An Essay By Kevin Brian Dowling
A World Without Children
"I love you, Daddy!". God, how I miss hearing that. Those four words echo through the eroding valleys of my memory, last recorded nearly 13 years ago.
I struggle to envision their ebullient faces. I draw breath hoping to detect the distinctive scents of their innocent heads, as I once did, after God gifted them to this world.
I lived a good life. I never hurt anyone. I worked hard to provide for my wife and three children. I looked forward to a long happy life, to watching my children succeed, to knowing my grandchildren, and perhaps much more. Then, at a time chosen by God. I would leave this mortal plane and wear the wooden coat to the resurrection.
For reasons that are too complicated to detail here, the scions of Satan whose nefarious motives sent me to death row for crimes they knew I could not have committed, did so by targeting my traumatized family to accomplish their goal. They succeeded, and destroyed my marriage and alienated my children in the process.
What do my children look like or sound like after all these years? I do not know. Are they safe and well? I can only pray they are. Every parent knows that rush of panic when their child runs into the street, or eludes their protective sight in a shopping mall. When your child gets hurt or feels ill, you wish you could suffer in their stead.

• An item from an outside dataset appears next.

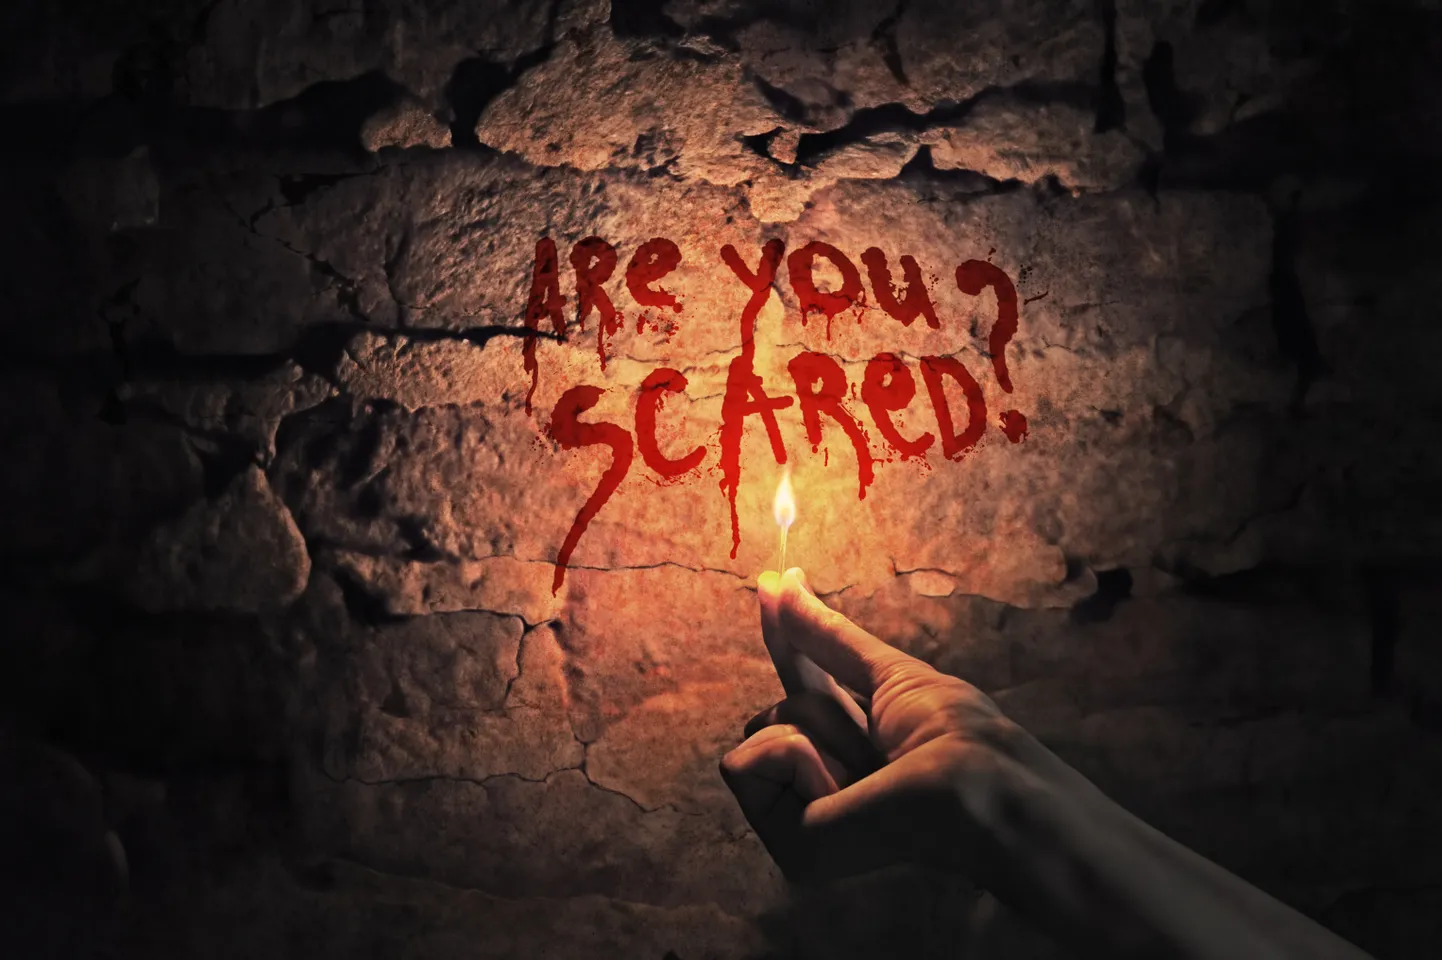 Kas sa kardad?

Then there are those incredible moments of joy. The first smile and giggle of a baby are the purest forms of art and music in creation. You dedicate your life to witnessing their success in school and work, to being there when they find love, and seeing them instil the same values in their children.

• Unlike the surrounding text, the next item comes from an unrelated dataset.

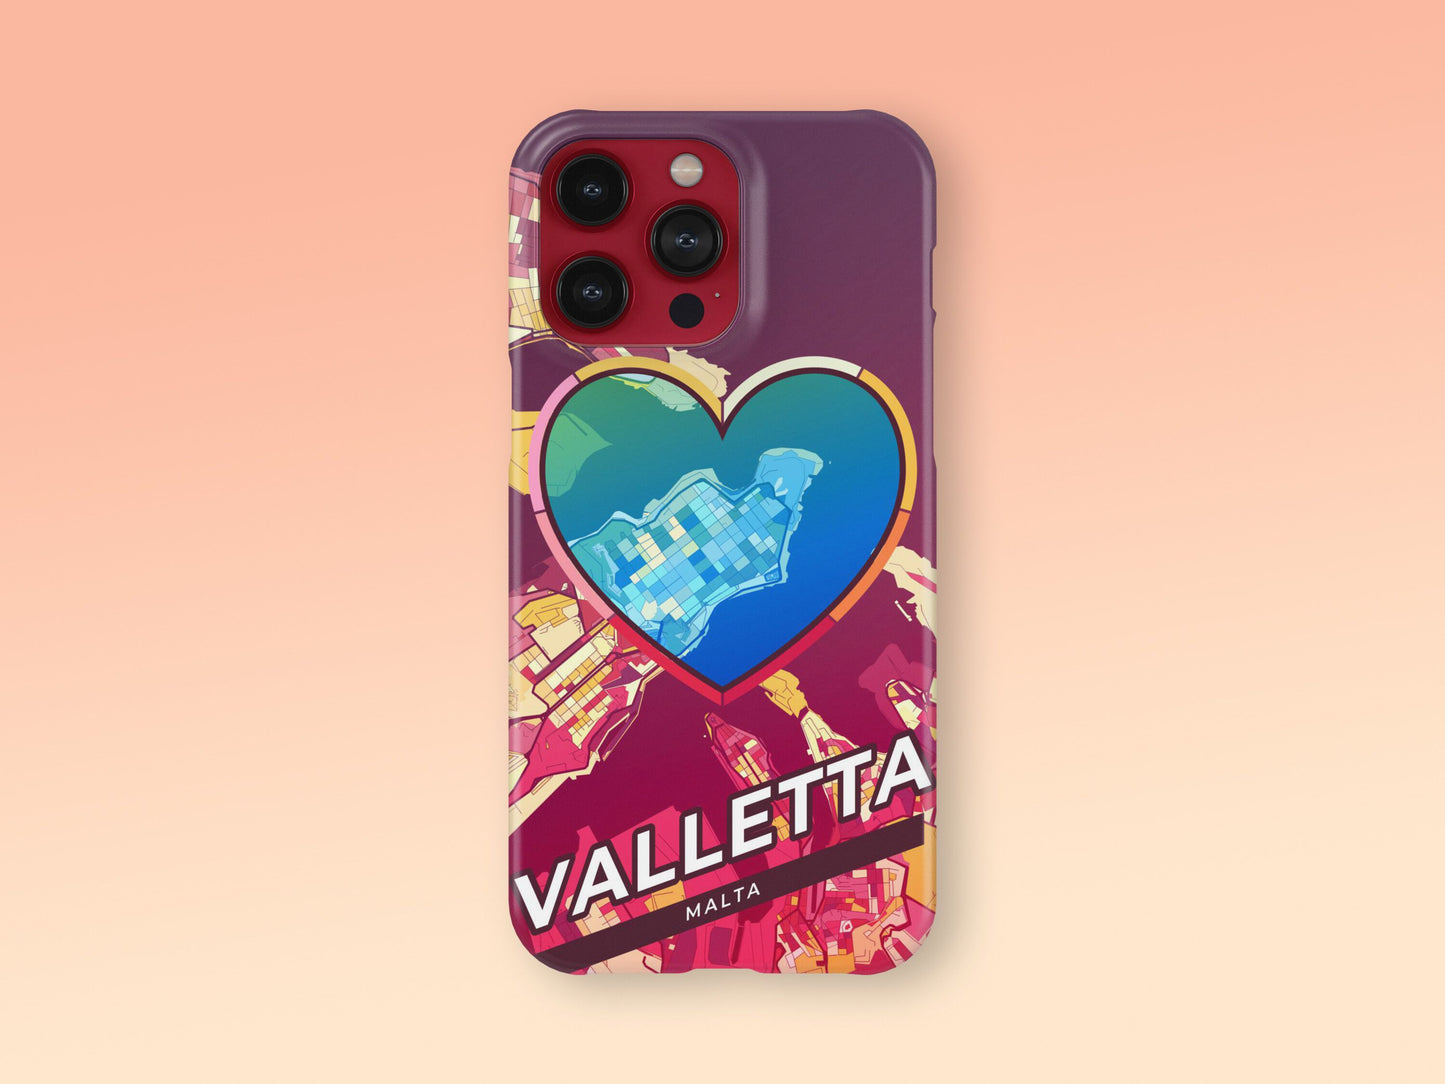 Valletta Malta slim phone case with colorful icon 2

I find myself exiled to a caliginous netherworld, permeated with calamity, in an interminable epoch. I am between paradise and perdition. In one sense I exist in a veritable dungeon, confined to a cement box in a world without humanity. This is a world without children. I was charged with false accusations, given an unjust castigation and branded for slaughter.
I look out my cell window and see an alternative universe. The red sun rising signals the spilling of blood. The stars are not beacons from distant worlds, but mere pinholes in the curtain of night. Each day feeds a growing past and a diminishing future. The book of my life already has 13 chapters of empty pages.
In another sense, I find myself dangling from the edge of a cliff, hovering over a misty abyss. I struggle to maintain my grasp on the jagged rock. I experience every moment in the lives of my children, both real and imagined.
Their voices waft through the mist from below. "Help me, Daddy!" I cannot help my baby. "Daddy, I don't know what to do". I cannot counsel my child either. I can neither climb to the acme nor can I release myself into the mist. My hands seem glued in place.
Occasionally I receive letters from my few remaining family and friends. Their letter provide momentary footholds, so that I can rest my weary arms.
Death Row takes away everything a man ever was, or will ever be, obliterating his past and annihilating his future.
The cries and pleas from the mist buffet my heart and soul like relentless turbulent winds of searing heat. This is a war without the usual battles and without physical weapons. I am inflicted with wounds that neither bleed nor heal. There is no re-quiescence.
I stoke the furnace of my broken heart with whatever fuel I can muster. Someday there will be nothing left to burn, and they will immolate me on the altar of false justice.
My mortal shell will disintegrate into embers and ashes, and drift away into the eternal mist below. I can see my children again! I experience another forgotten sensation as I feel their hearts beating against mine in a warm embrace! I hear those elusive words once again - "I love you, Daddy!".